Dear Delyth,

 

I hope you’re well?

 

Music Venue Trust were pleased to see the Finance Committee’s published report on the Scrutiny of the Welsh Government Draft Budget 2026-27. We are particularly interested in the recommendations around the multipliers for hospitality businesses and pleased that the Committee recommended that the Cabinet Secretary provides clear details about the specific measures in the Draft Budget to support the leisure and hospitality sectors and an assessment of the extent to which these will mitigate the impact of retail, hospitality and leisure Non-Domestic Rates relief, which ends in March 2026, by the time the Final Budget is laid.

 

As you will know, Welsh Government has currently stated that the multiplier will reduce from 56.8p to 35p, but this has not been confirmed for retail, leisure, and hospitality, including grassroots music venues, which is creating a huge amount of uncertainty for businesses. Without the lower multiplier, many will continue to face financial cliff edges.

 

While the lower multiplier is welcome, it will still not fix the deeper issue of the inadequacy of rateable values which are due to rise in April 2026. The current approach applies generic valuation models designed for retail and hospitality to a specialised cultural sector with a unique operational and economic model. This results in systematically inflated RVs that bear no relation to the financial reality of these businesses.

 

The consequence is not a marginal adjustment but a sector wide crisis. Data from the 2026/27 revaluation shows extreme, unsustainable increases in the tax base for GMVs.
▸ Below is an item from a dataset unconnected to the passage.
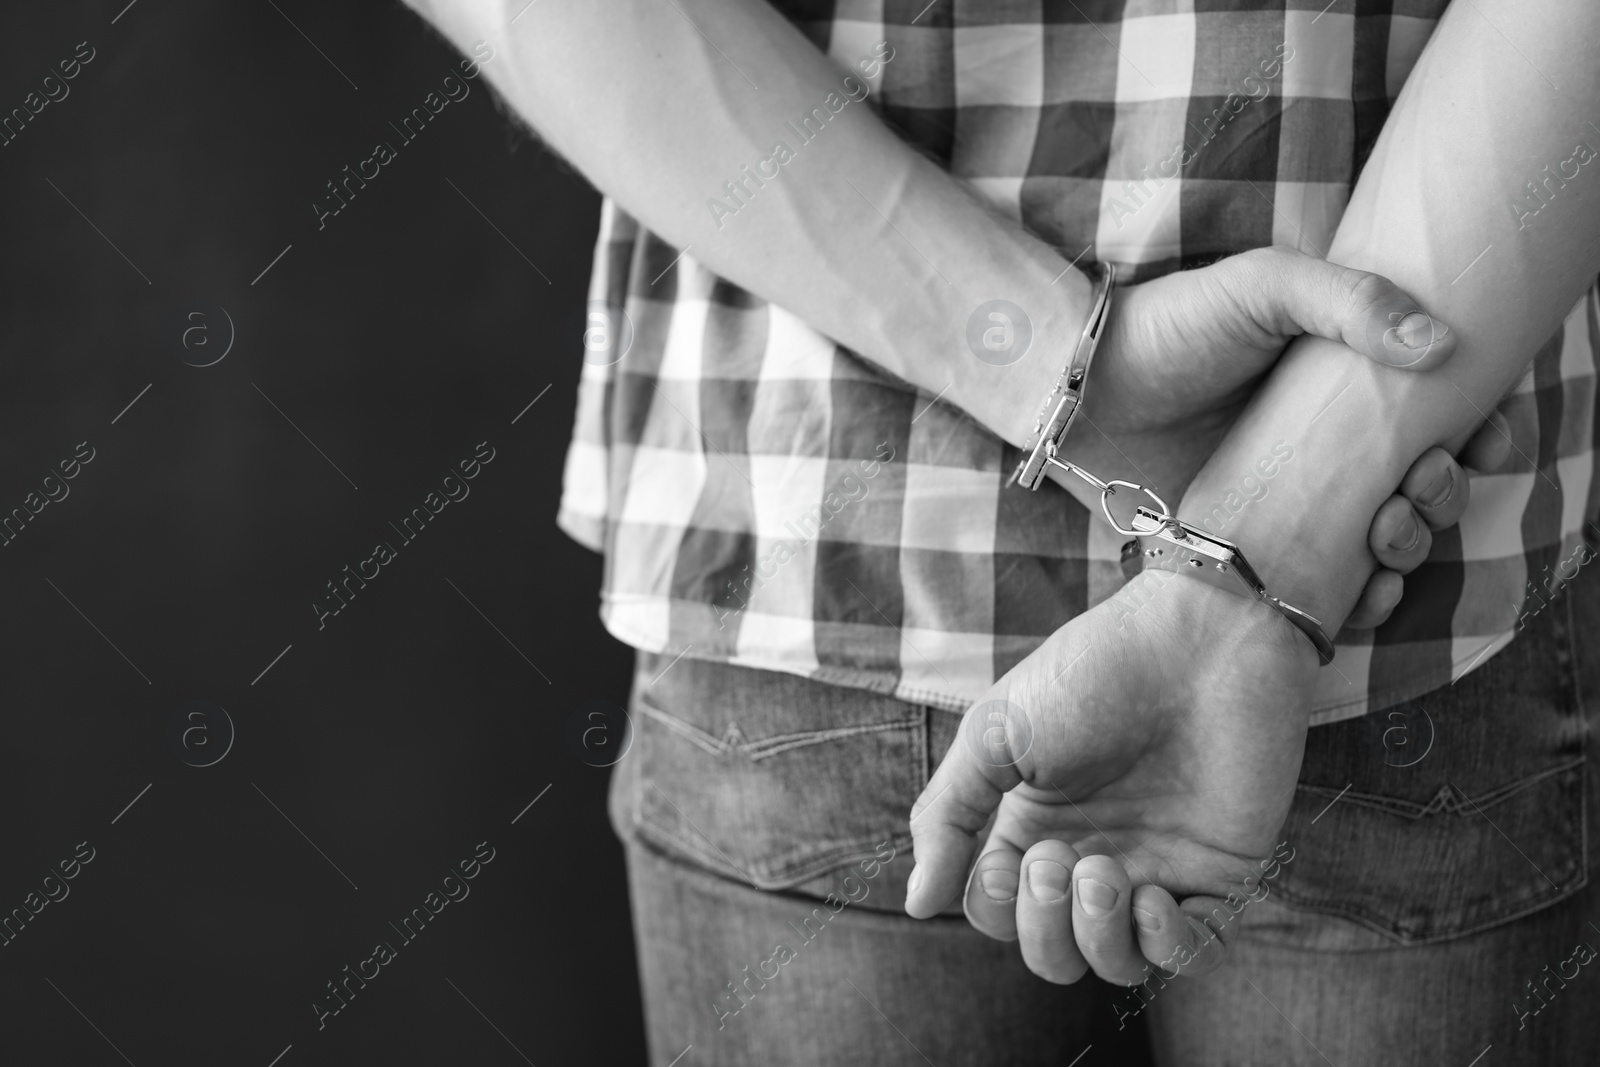 Photo of Criminal detained in handcuffs against dark background, space for text. Black and white effect
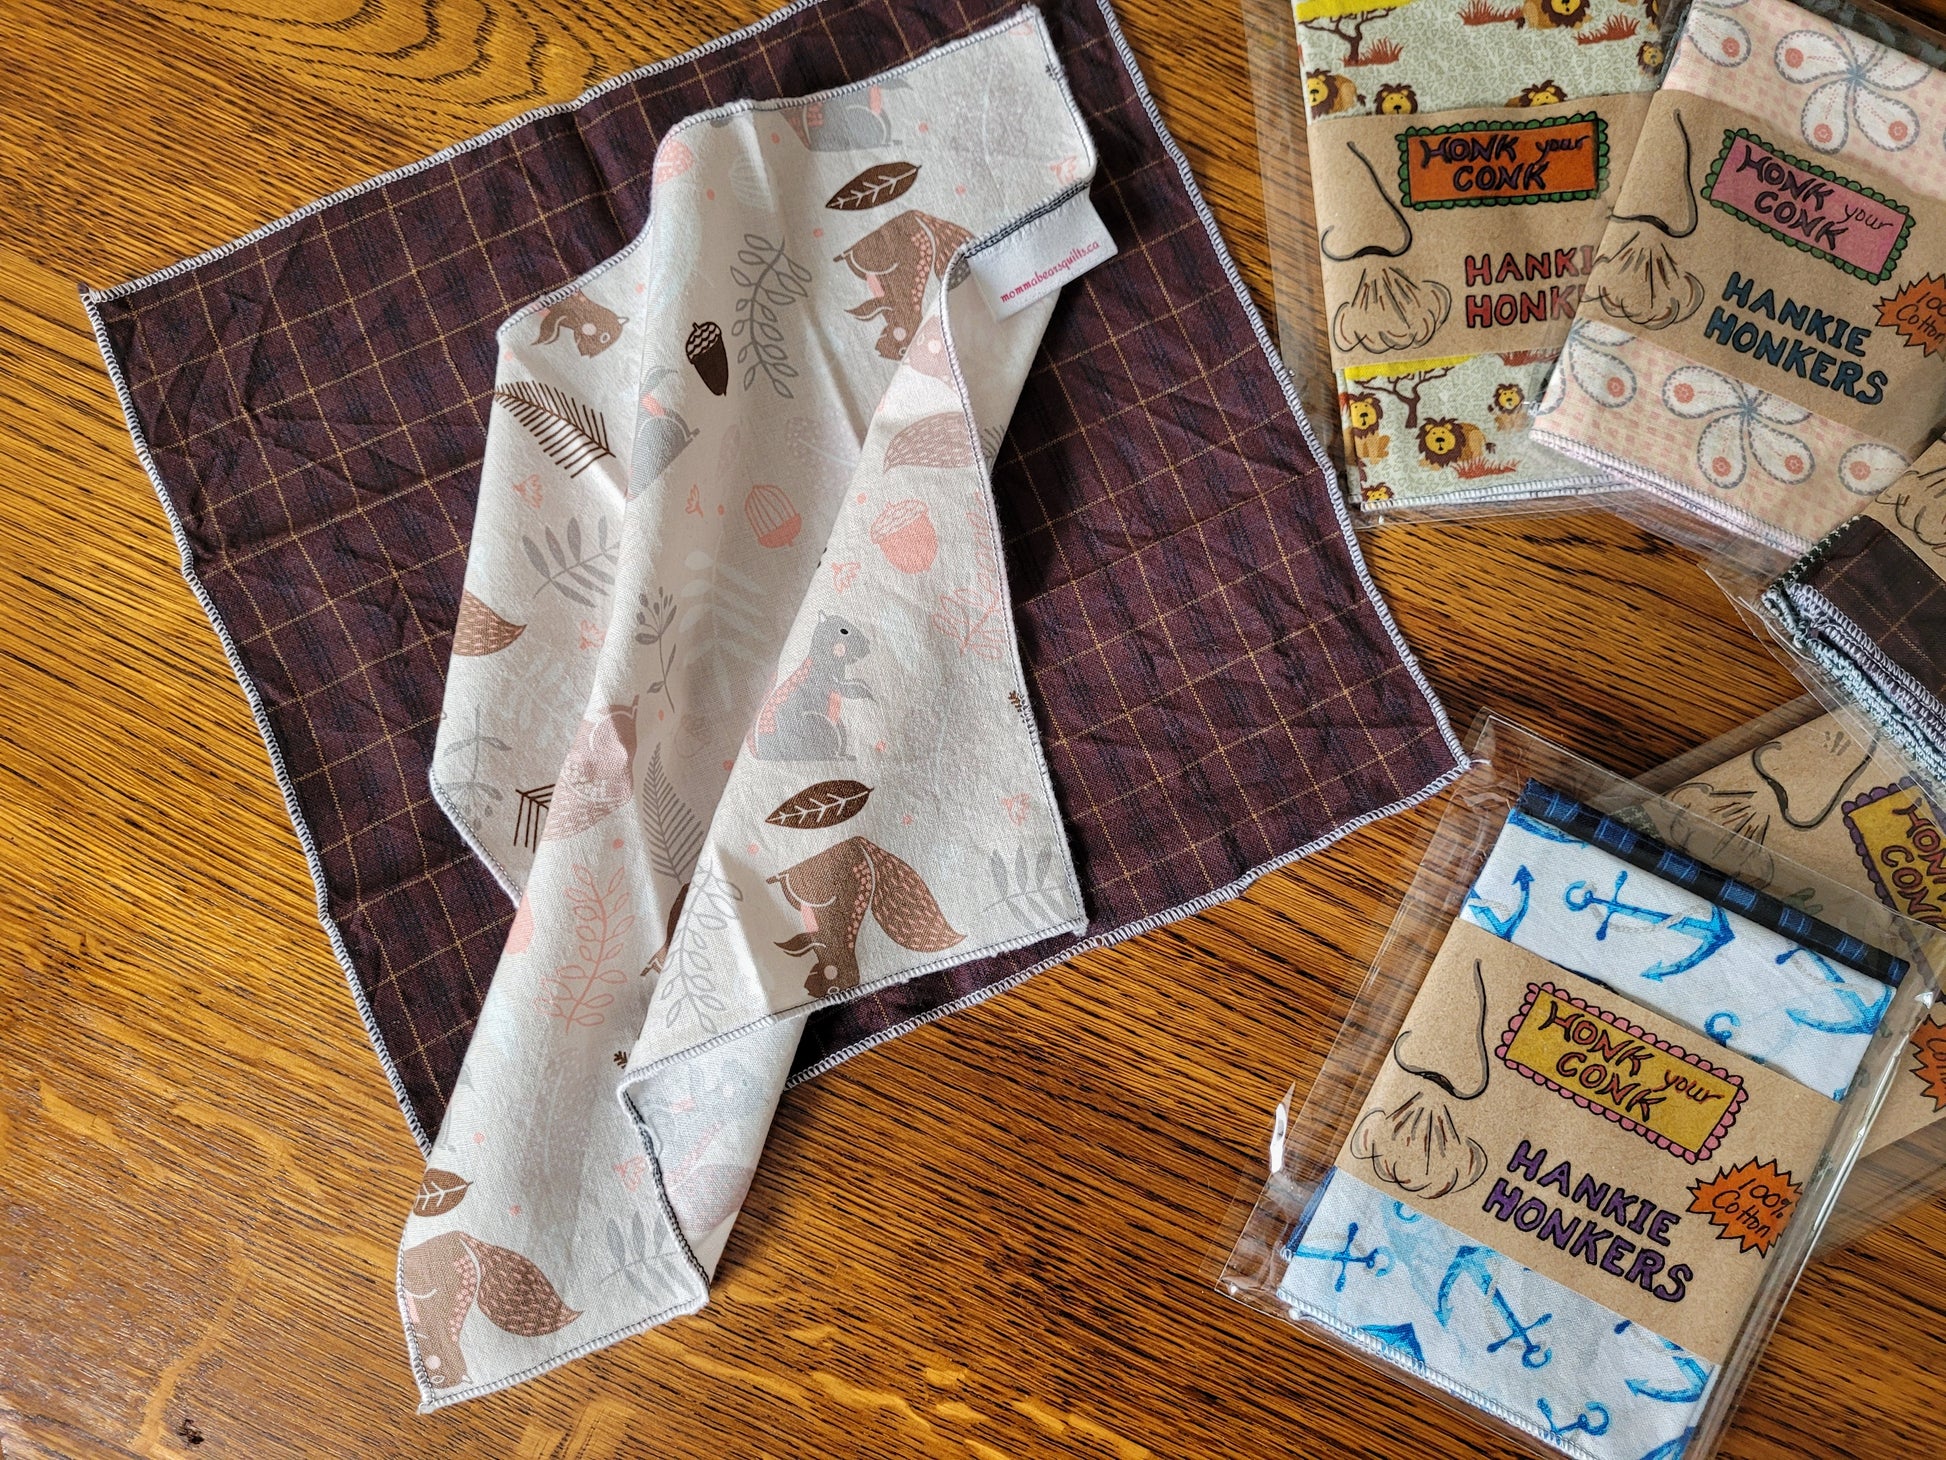 cotton hankerchiefs come in a variety of prints

The VOA's methodology fails because it is based on assumptions that are invalid for GMVs including:

 

-       Error in assessing usable commercial space

-       Error in assessing trading hours and capacity

-       Error in understanding the business and financial model

-       Error in applying an inappropriate comparative model

 

To create accurate valuations, the VOA must develop and adopt a sector specific methodology that corrects the above errors. This would involve developing a New Sector Specific Valuation Scheme for grassroots music venues, distinct from the model for pubs and bars.

 

In the meantime, we would be grateful for urgent clarification on the multiplier from the Government so GMVs can begin to plan for the years ahead. We’d be most grateful if you might be able to raise in the Senedd, and we’d be happy to provide a draft oral question if that might be helpful?